5 takeaways as the Fed reignites its inflation fight
Federal Reserve Chair Jerome Powell said Wednesday that while the central bank staff is no longer forecasting a recession, there’s still a “long way to go” to get inflation back to its 2 percent target.
The Fed pushed its baseline interest rate range to the highest level in 22 years Wednesday as officials were wary of letting inflation creep higher. Despite months of fading price growth, Federal Reserve Chair Jerome Powell said the bank was not quite done fighting inflation.
‘Don’t see the point of it’: Consumers feel the pinch as Fed raises rates again
Here are five takeaways from Powell’s remarks to reporters.
The Fed still isn’t comfortable with inflation
Inflation is “well above” the Fed’s two percent goal, Powell told reporters, and he does not expect to get back to the target rate until 2025.

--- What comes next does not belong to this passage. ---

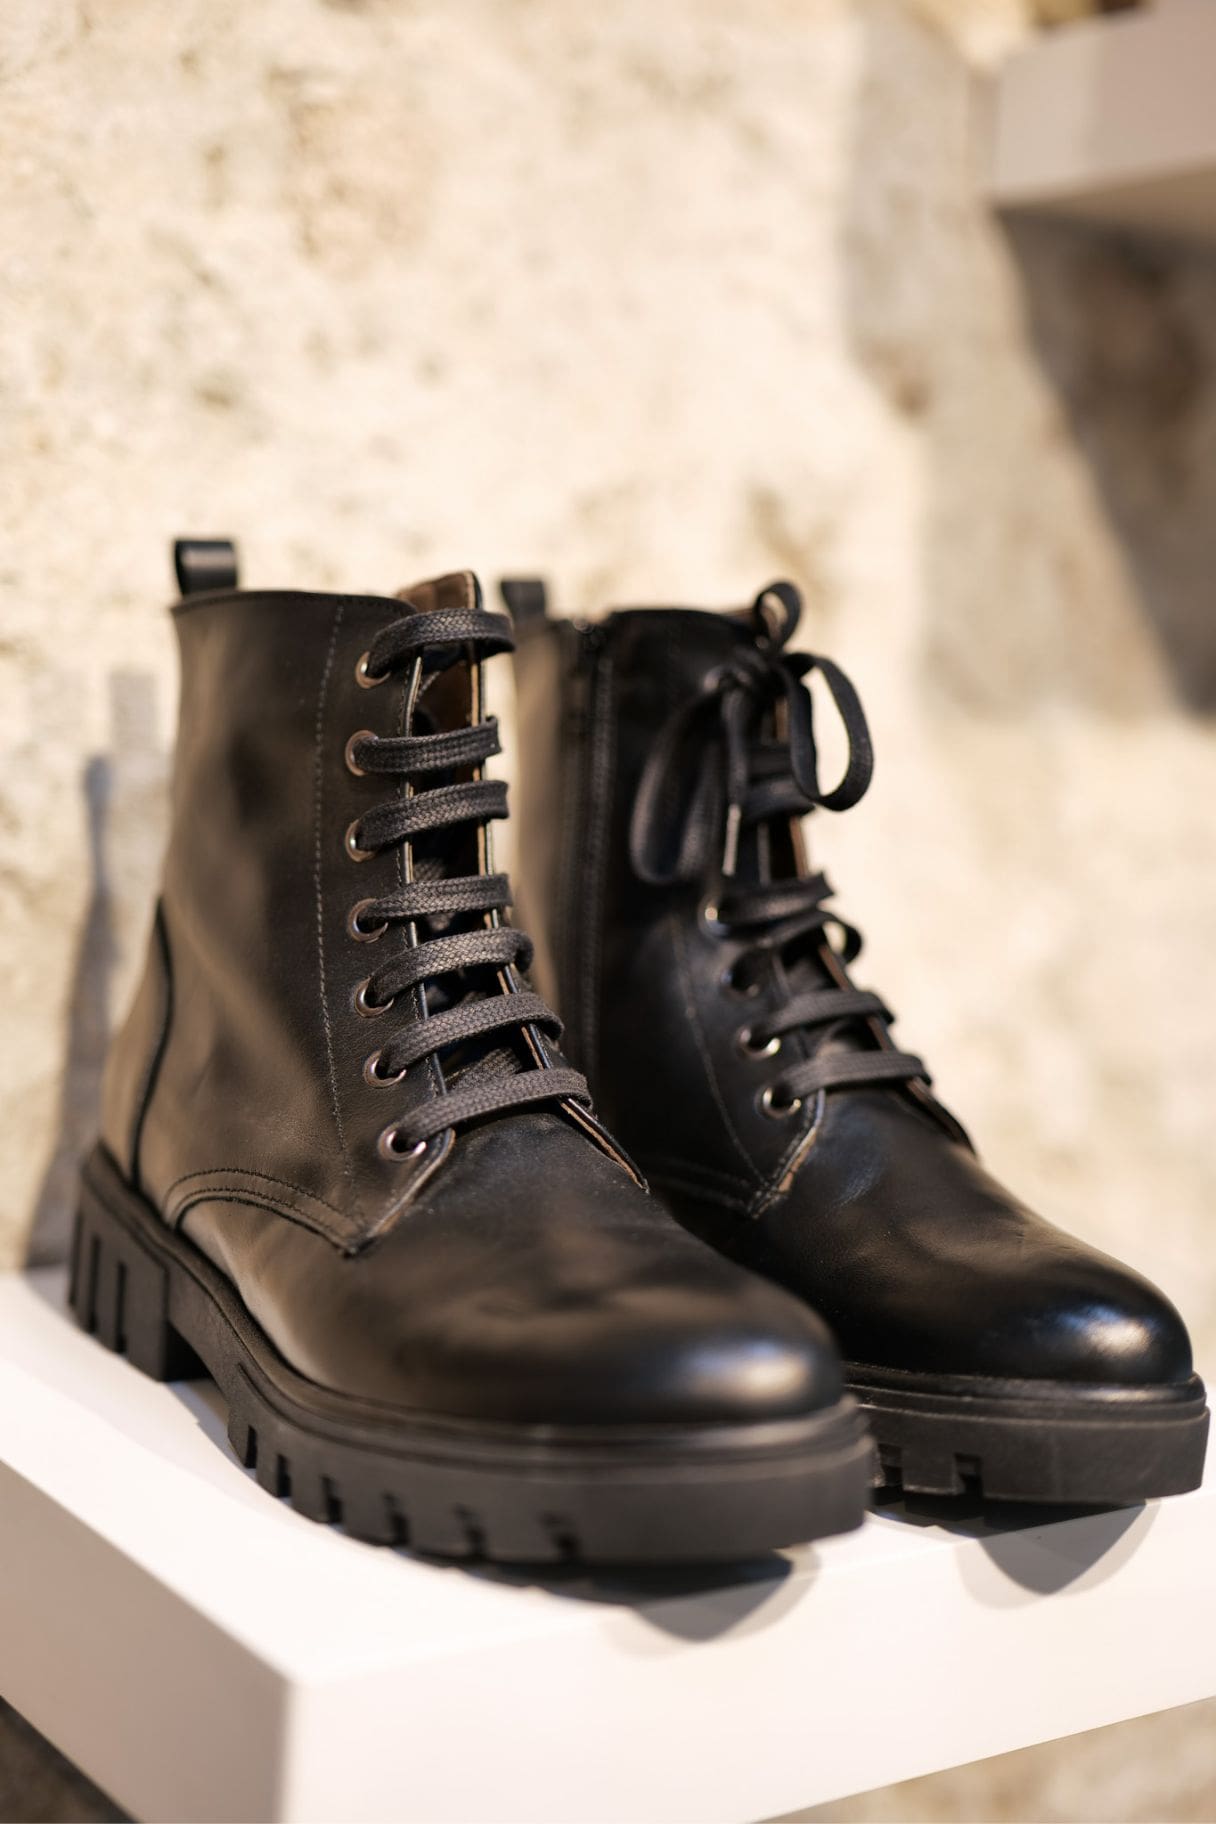 Boots à lacets noire Patricia miller - Nappa Maroquinerie

While he quipped that the June consumer price index “came in better than expected for a change,” Powell said one month of surprisingly good data wasn’t enough to change course.
Powell: Housing market has ‘a ways to go’ before prices cool
He demurred on future rate hikes, saying it was “certainly possible” the Fed will vote to raise rates again at its September meeting.
“I would also say it’s possible that we would choose to hold steady at that meeting,” Powell added.
What Powell did make clear: high interest rates aren’t going away any time soon.
Fed staffers think the economy will avoid a recession
After months of nailbiting worry that a recession was coming, Powell announced that Fed staffers were no longer projecting a recession to hit the U.S. economy.
“The staff now has a noticeable slowdown in growth starting later this year in the forecast, but given the resilience of the economy recently, they are no longer forecasting for recession,” Powell said.
Wall Street has also become increasingly confident that the U.S. can avoid a recession, a 180-degree turn from predictions earlier this year that a recession was inevitable and right around the corner.
Goldman Sachs economists cut their probability of a recession this year from 25 to 20 percent in a research note published last week.
Powell thinks the labor market is still too strong
Despite rising confidence in the economy’s outlook, Powell said inflation was unlikely to fall back to the Fed’s 2 percent annual target without the labor market weakening.
Until wage growth slows further, Powell argued, consumers will have enough power to push through inflation and prompt businesses to raise prices.
Powell declined to say how many Americans would need to lose their jobs before inflation was back on track, but acknowledged that unemployment would likely rise even if the Fed averts a recession.
“We have to be honest about the historical record, which does suggest that when central banks go in and slow the economy to bring down inflation, the result tends to be some softening in labor market conditions,” Powell said.
“That is still the likely outcome here.”
Democrats, progressives furious with rate hikes
While Powell has accepted job losses as the cost of fighting inflation, Democratic lawmakers and progressive activists are likely to be alarmed about the Fed’s insistence on raising rates.
Liberals opposed to further Fed hikes insist the central bank has already done enough to bring inflation down and risks driving the U.S. into a needless recession.
“The Fed’s extreme rate hikes risk throwing millions of Americans out of work. Unemployment for Black workers is already rising at an alarming pace,” said Sen. Elizabeth Warren (D-Mass.) online before the Fed’s announcement.
Powell countered that quashing inflation now at the expense of some jobs avoids deeper pain in the future, citing the hyperinflation and subsequent recessions of the 1970s and 80s.
“We think the single most important thing we can do to benefit those very families, especially families at the lower end of the income spectrum, is to get inflation sustainably under control and restore price stability,” Powell said.
The Fed hasn’t made up its mind about future rate hikes
Powell insisted Wednesday that the Fed had not yet decided whether it will raise rates or pause at its next policy meeting scheduled for September.
A raft of new economic data could shift the Fed’s plans, Powell said, including new data on GDP growth and employment costs, two jobs reports and several new inflation readings.
“Inflation has proved repeatedly has proved stronger than we and other forecasters have expected and at some point that may change. We have to be ready to follow the data,” he said.
“Given how far we’ve come,” he continued, “we can afford to be a little patient as well as resolute as we let this unfold.”